Bienvenue dans le grand cirque congolais, où les politiques jonglent avec des vérités enflammées et où les responsabilités s’évaporent comme de l’encens sur l’autel de l’impunité. Si cette crise était une créature mythologique, ce serait un hydre aux têtes verbales : chacune crache un récit différent, mais toutes sucent le même sang congolais.

Paul Kagame, lui, brandit la Belgique comme un serpent originel, coupable d’avoir pondu l’œuf colonial. Un disque rayé qui grésille les mêmes litanies, pratique pour étouffer les accusations sous le tapis de l’Histoire. Pourquoi se morfondre dans le présent quand on peut exhumer les cadavres du passé ?

Joseph Kabila, le magicien aux doigts agiles, fait disparaître Kagame d’un tour de passe-passe pour désigner Félix Tshisekedi comme l’unique sorcier du chaos. Audacieux, quand on sait que sous son règne, l’Est du pays ressemblait à une marmite prête à exploser — avec en assaisonnement l’ingrédients rwandais.
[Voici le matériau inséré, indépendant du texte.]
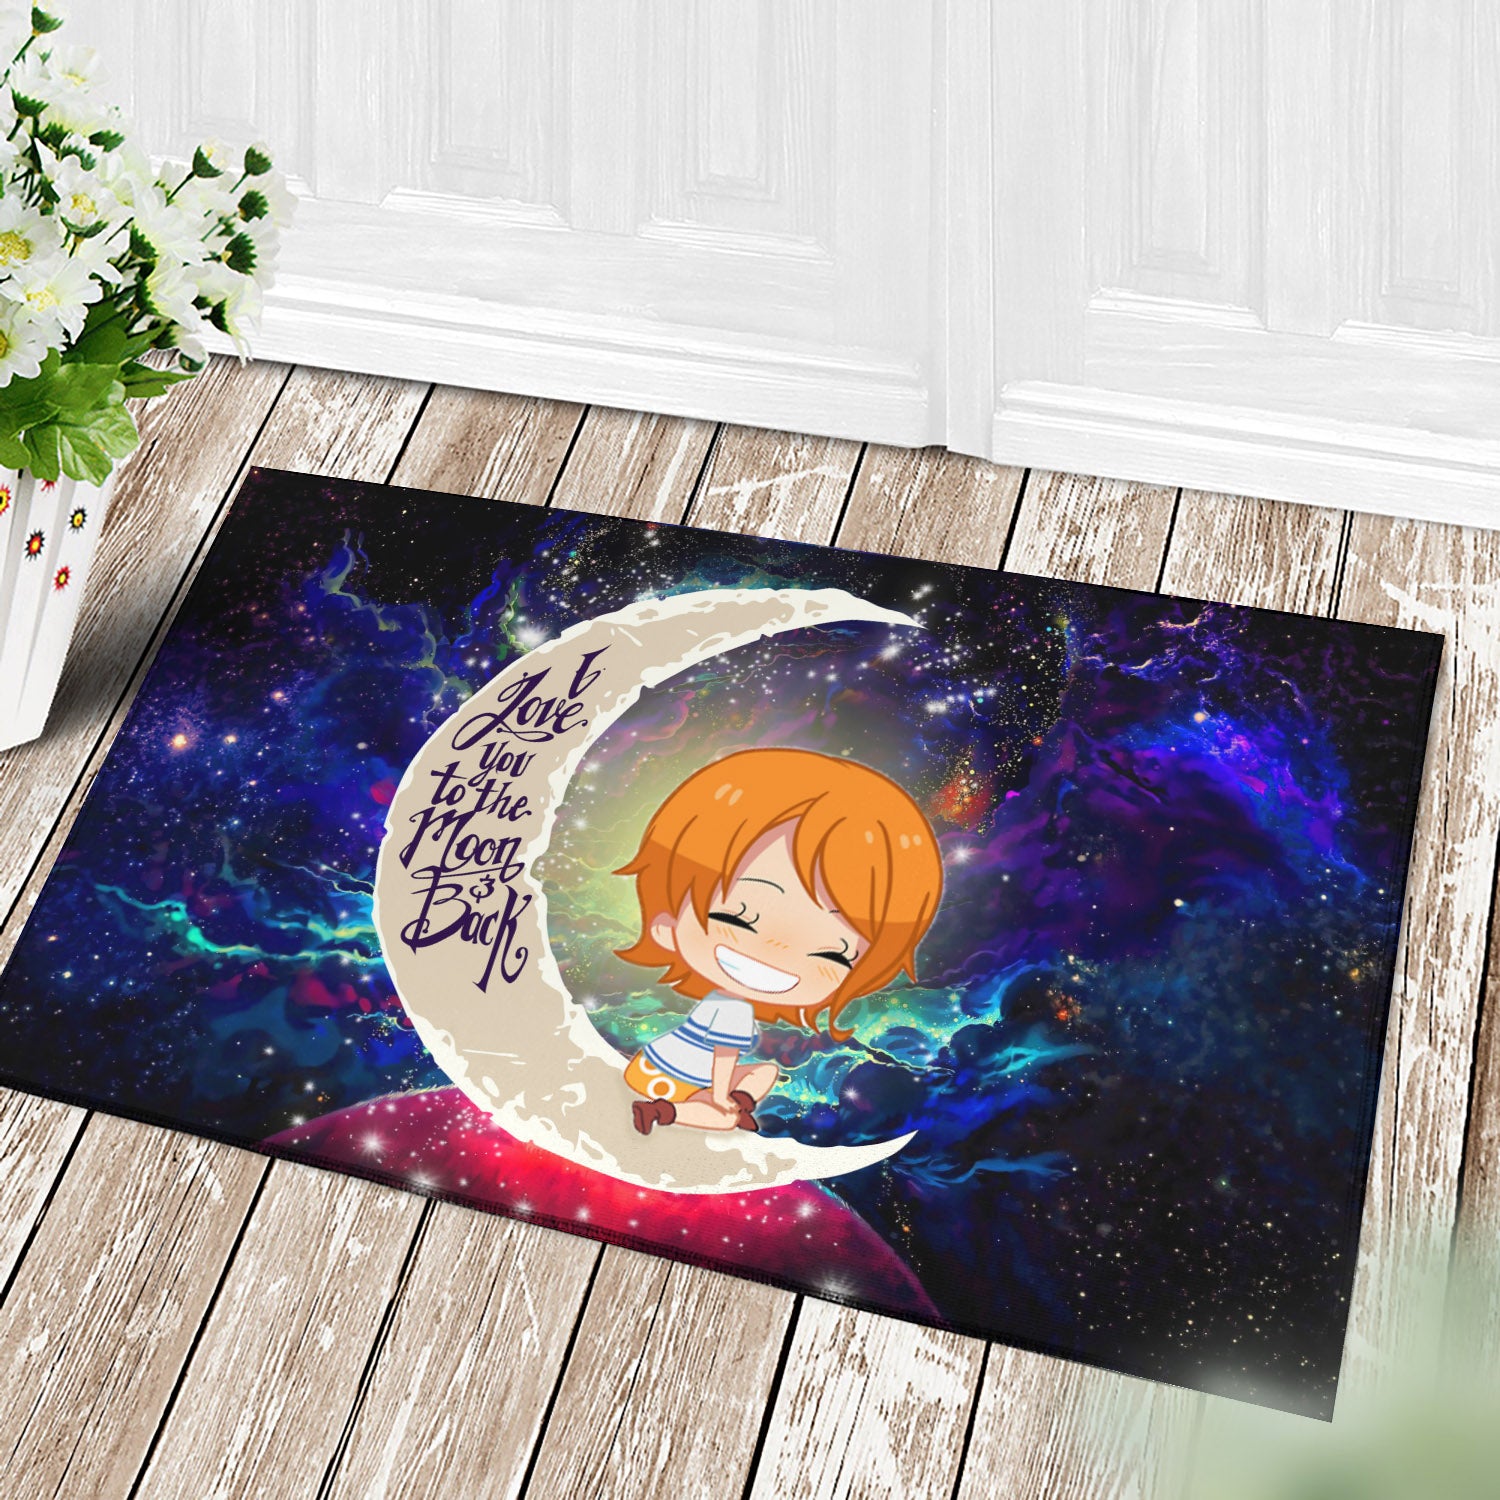 Nami One Piece Love You To The Moon Galaxy Back Door Mats Home Decor

Moïse Katumbi, dans un élan de solidarité aussi sincère qu’un sourire de campagne, rejoint la chorégraphie. Tshisekedi, le bouc émissaire idéal, malgré les rapports de l’ONU pointant Kagame comme chef d’orchestre. Une logique qui défie Newton, mais pas le ressentiment : Katumbi Crésus, toujours échaudé par sa déroute électorale de 2023, voit en Tshisekedi un Frankenstein ingrat — sa créature devenue monstre.

Corneille Nangaa, lui, pleure ses mines confisquées. Pour ce roi déchu du cuivre, la crise n’est qu’un prétexte à règlement de comptes personnel. L’hydre, dans son miroir, se réduit à un nain grognon, piétinant son jardin secret.

Le M23 et Bisimwa, eux, agitent l’étendard tutsi, prétexte en velours pour masquer pillages et violences. Une rhétorique calibrée pour l’export, jouant sur la corde sensible des « minorités opprimées » — fonds de commerce lucratif, surtout quand les caméras internationales s’émeuvent.

Quant à l’abbé Nshole et ses frères protestants, ils survolent le drame en jet diplomatique, serrant des mains de Nairobi à Paris. Leur foi ? Que les turbulences à 10 000 mètres feront tomber l’hydre d’épuisement. Peut-être espèrent-ils un miracle biblique : que Kagame se transforme en sel au contact de leurs prières…

Mais pour Kinshasa et la communauté internationale, le coupable est aussi évident qu’un éléphant dans un confessionnal : Paul Kagame, Minotaure moderne, dont le labyrinthe s’étend jusqu’aux minerais congolais. Son appétit ? Insatiable. Ses cornes ? Plantées dans les entrailles de l’Est.

Alors, comment terrasser la bête ? Deux voies : lui offrir le Congo sur un plateau doré, ou lui trancher les têtes avec l’épée de la diplomatie, aiguisée de menaces crédibles. La première option nourrirait l’hydre jusqu’à l’indigestion ; la seconde exige un courage absent depuis des décennies et une réorganisation militaire qui fait défaut.

En attendant, le peuple congolais, captif de ce théâtre d’ombres, rêve d’un troisième acte : que les acteurs, un jour, échangent leurs masques contre des remords.